And cooked them and ate them. I shocked many people by doing this because they knew I loved them.
I loved my chickens. I mean I outright loved them.
I raised them kissed them hand fed them, worried about them, dreamt about them
then I ate them like a dog.
I eat meat and love it.
And that means an animal died.
If I buy that same type of meat at the store it still means an animal died.
I'm not scared of dying. I'm scared of not being loved.
So, if I'm loved when I die, I'm wholly okay.
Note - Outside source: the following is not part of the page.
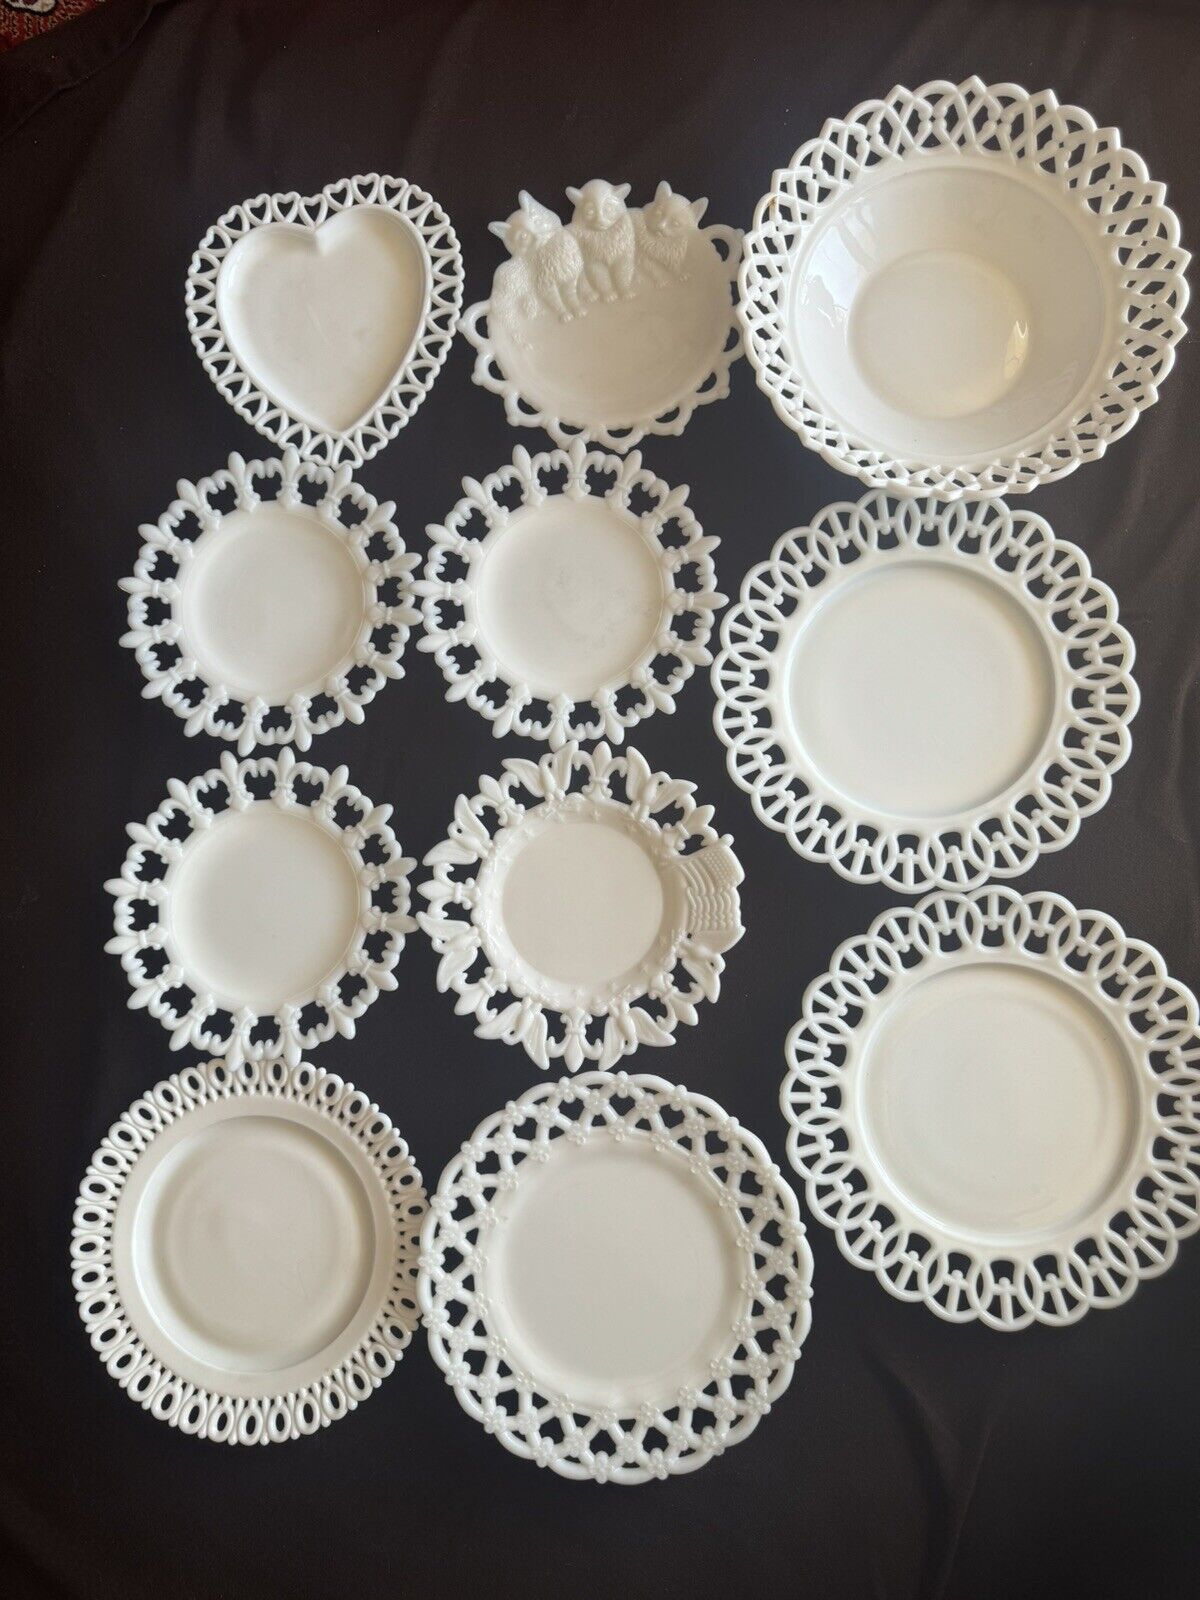 Antique Atterbury Glass Co. Milk Glass 11pc Mixed Plates And Bowl Set #5

If I refuse to look at something then ignorance has control. I can't refuse.
Why outright refuse?
Ignorance was not in my chart.
My chart had in my face realities, slapping realities, like who my father really was and how he outright hated me because I came from my mother, about how it felt like my mother cared more for men and money then me. How my boyfriend cheated on me and lied then hid me from what he considered real women because I was just a kid. How my friend pretended not to be my friend in front of other people so she wouldn't get beat up too. How my dogs died, how they died in my arms so I'd never forget them, how could I ever forget them? How women outright betrayed me, turning from admiring me to feeling I let them down, from laughing with me to thinking I'm a controlling know it all.
I don't want to control anyone, only myself.
And I don't fucking know anything.
And I've cheated too but I've never denied anyone I loved outright.
I've loved who I've loved regardless of sex or money although I've loved to spend both.
And I've never lied outright to my son.
And as far as I know I haven't died.
So, as long as I'm living, I'll eat meat and love it.